■ DATA BELOW
====================

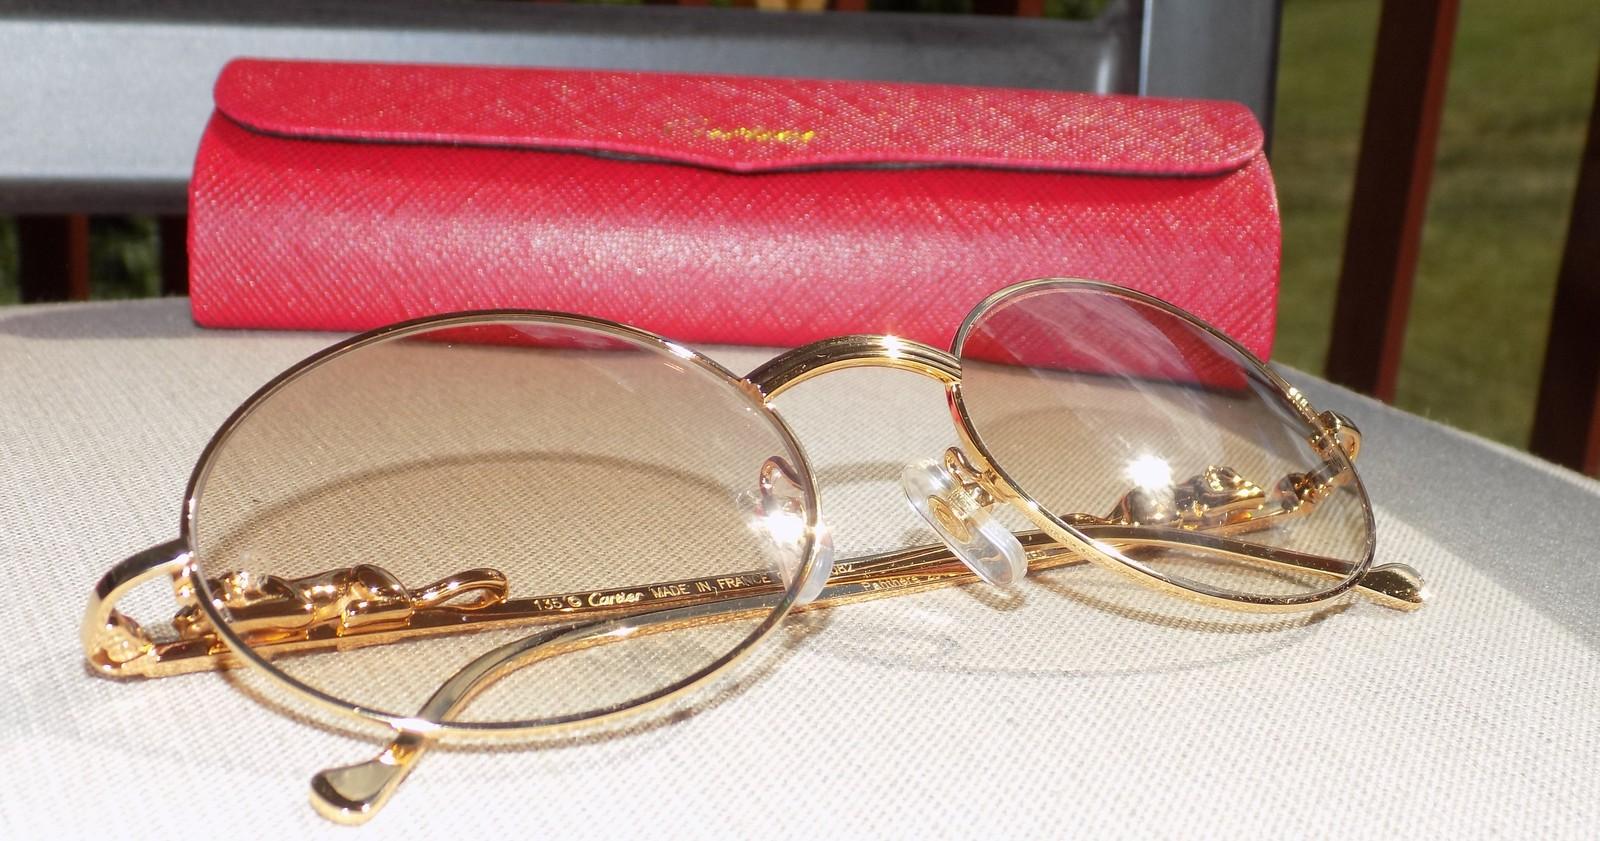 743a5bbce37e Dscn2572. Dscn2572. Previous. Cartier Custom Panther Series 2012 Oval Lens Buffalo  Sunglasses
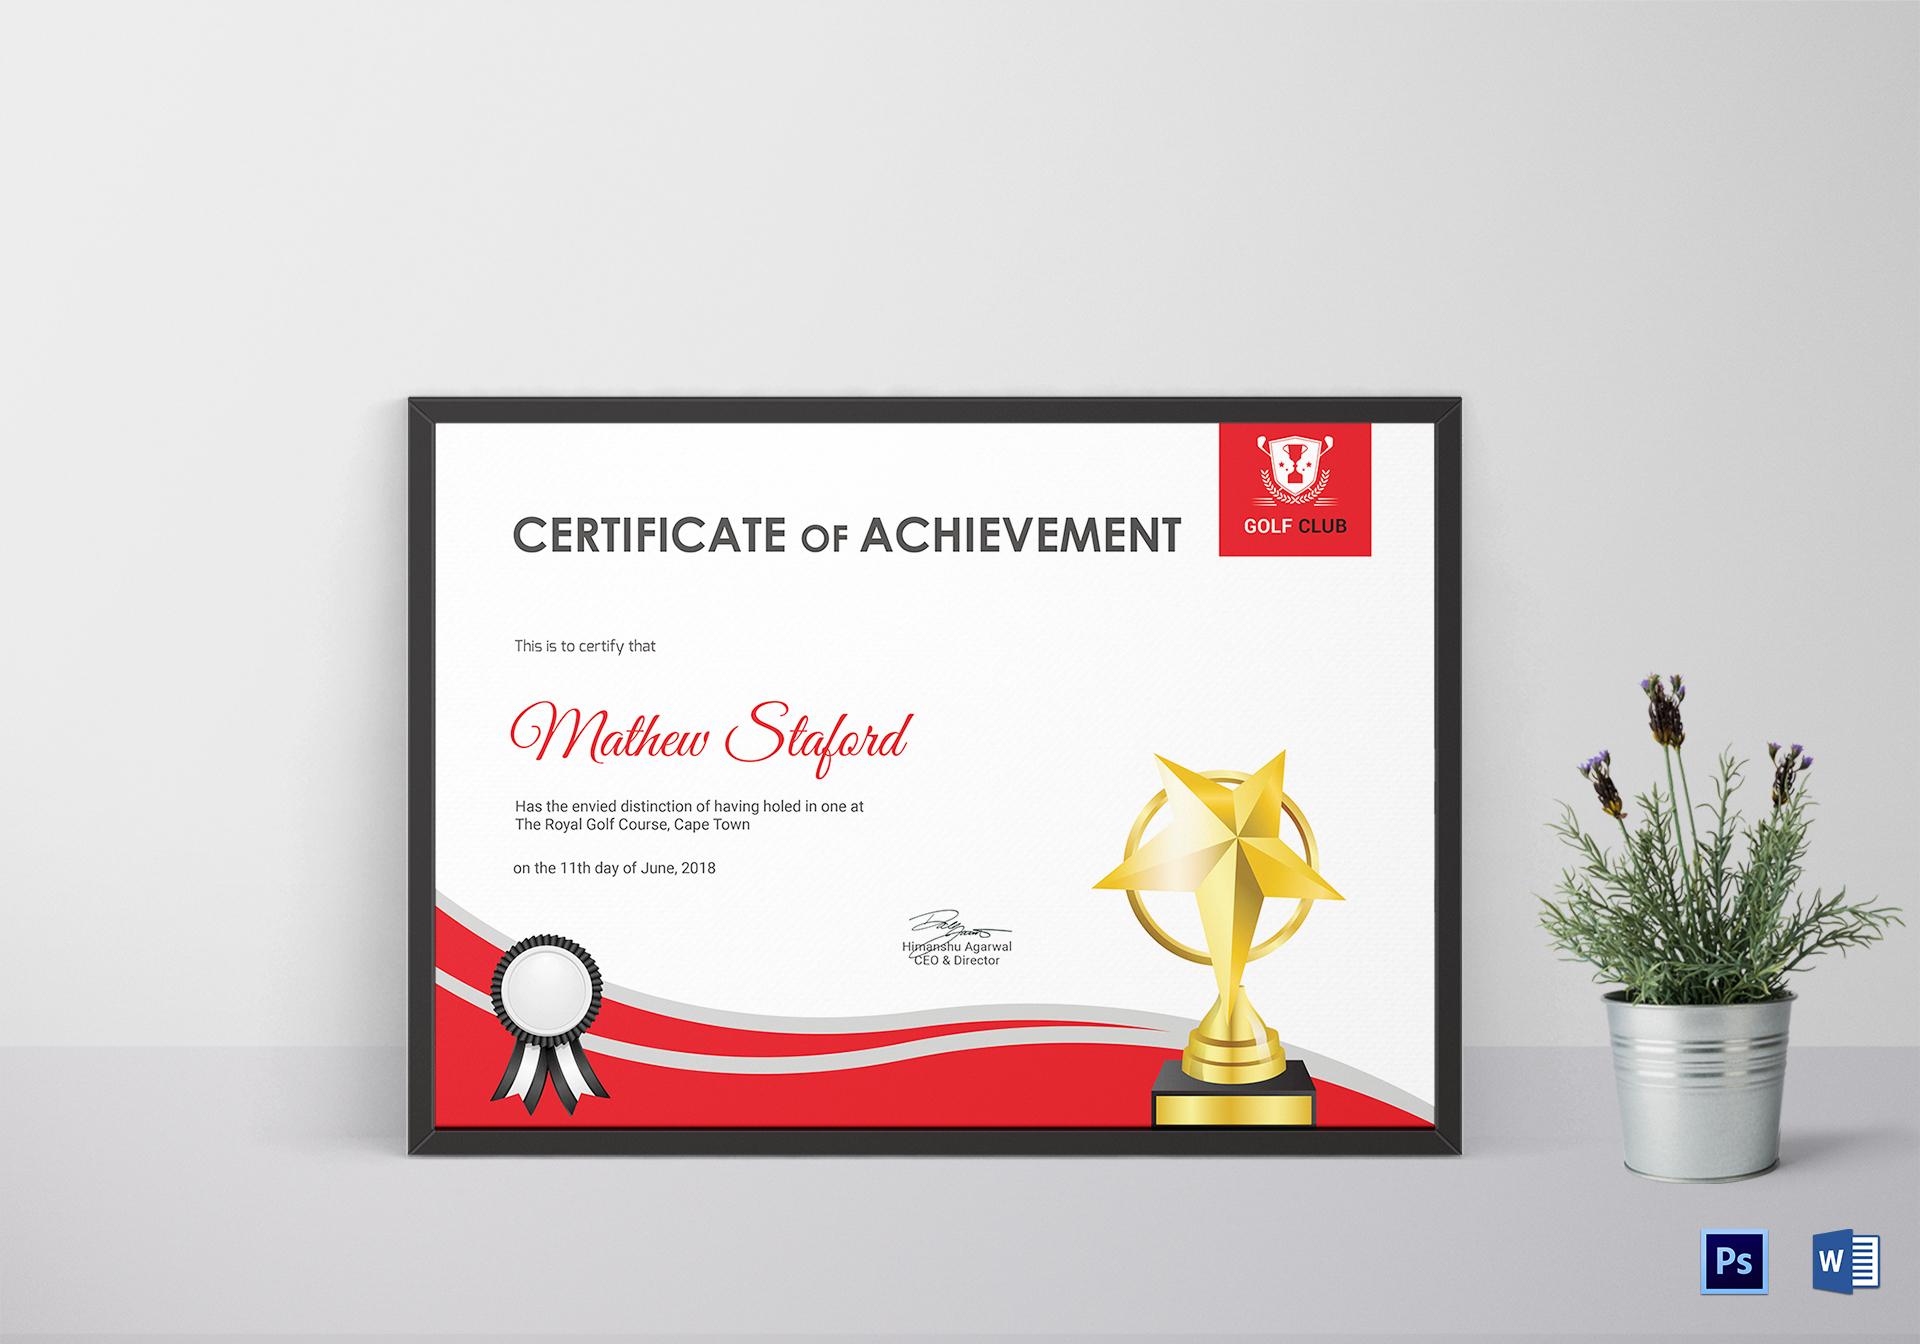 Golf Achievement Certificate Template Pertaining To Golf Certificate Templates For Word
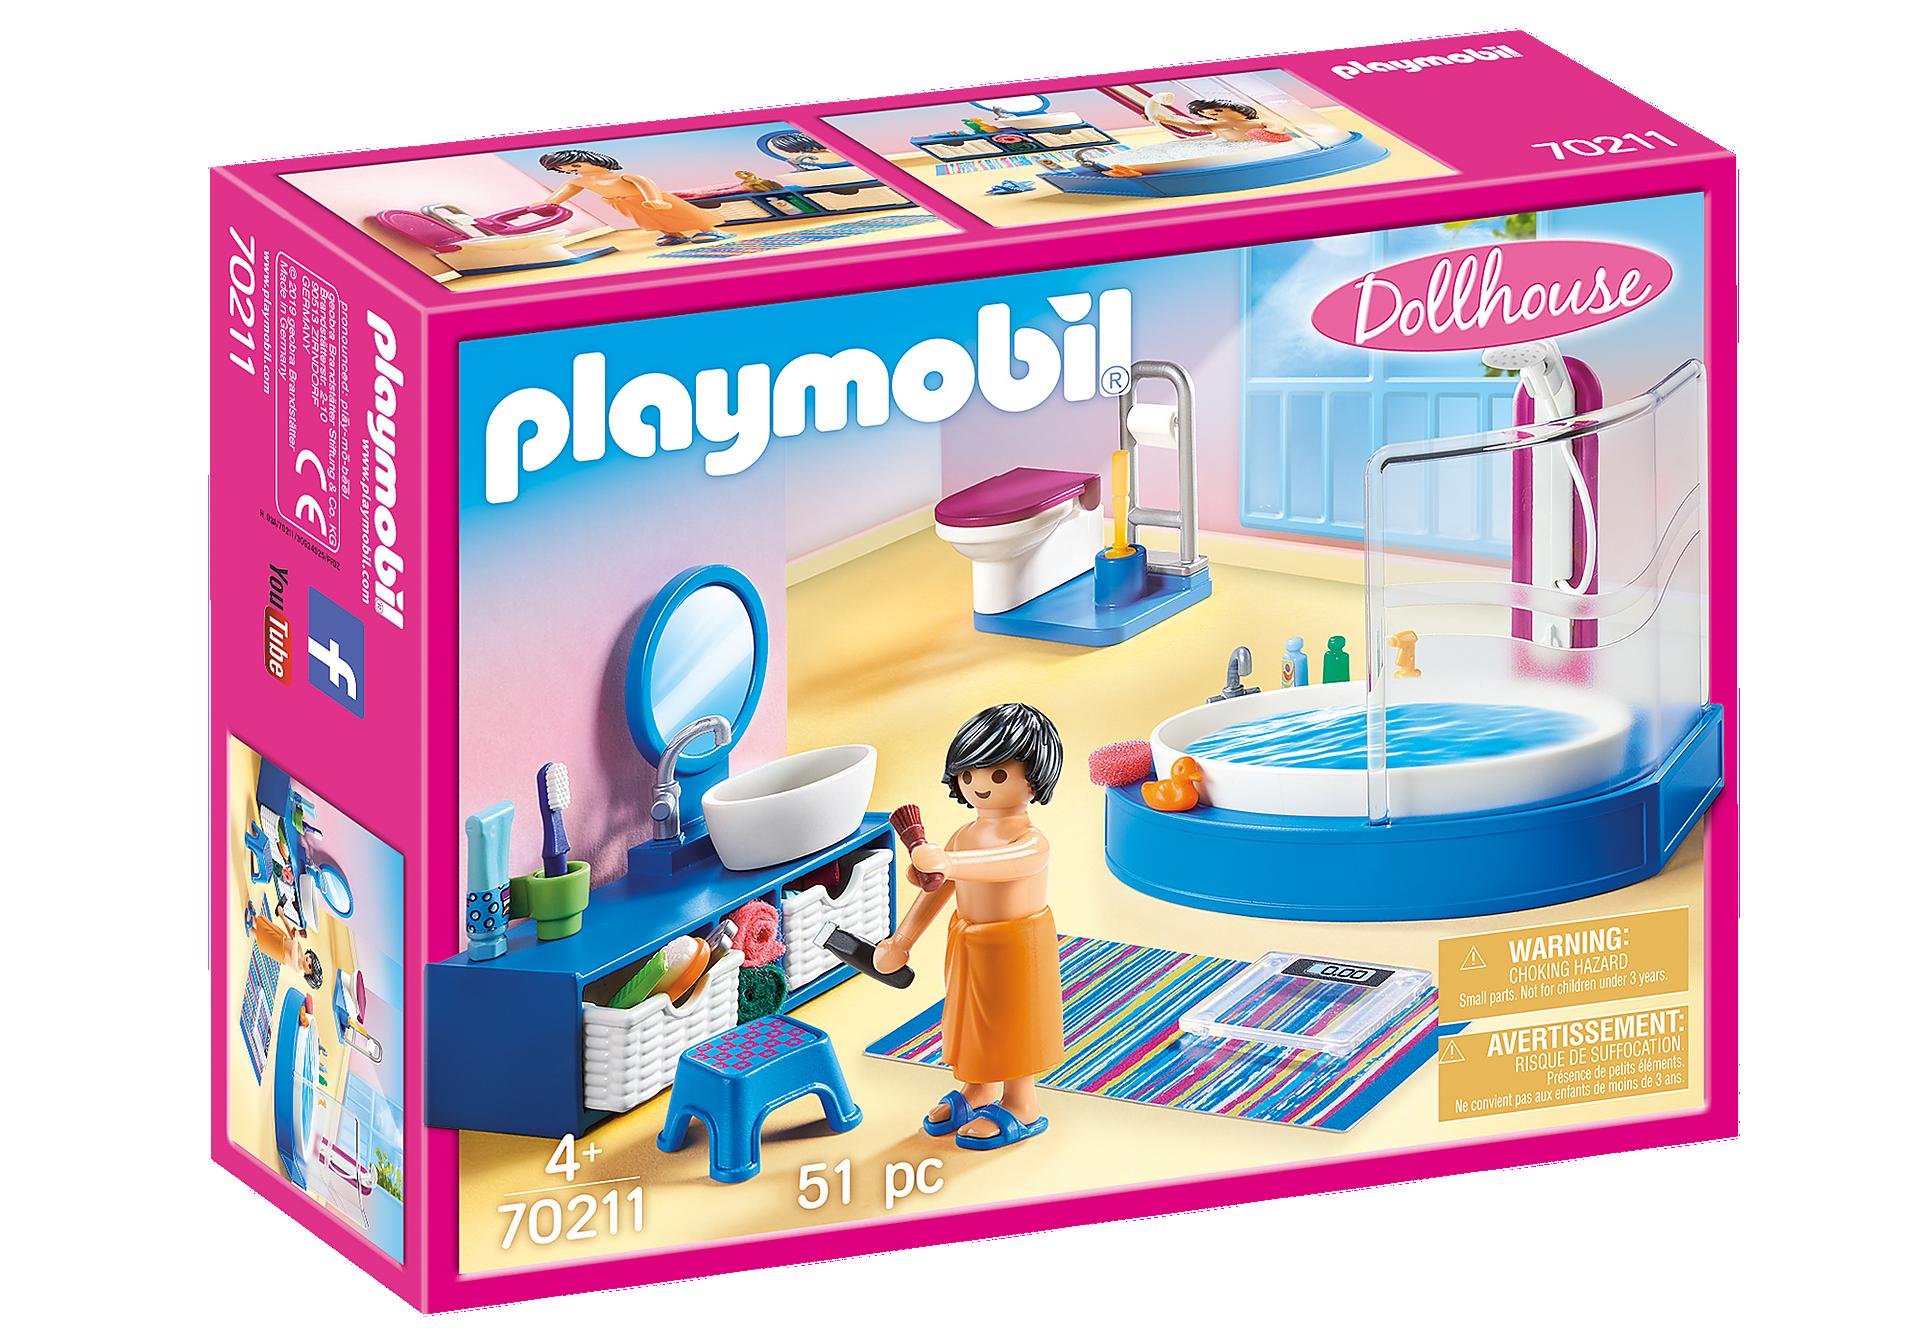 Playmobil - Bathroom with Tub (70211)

====================

■ ABOUT THIS TASK
Only the pictures are to be dropped; the rest of the material above must be duplicated exactly.

■ WRITTEN ANSWER
 743a5bbce37e Dscn2572. Dscn2572. Previous. Cartier Custom Panther Series 2012 Oval Lens Buffalo  Sunglasses
 Golf Achievement Certificate Template Pertaining To Golf Certificate Templates For Word
 Playmobil - Bathroom with Tub (70211)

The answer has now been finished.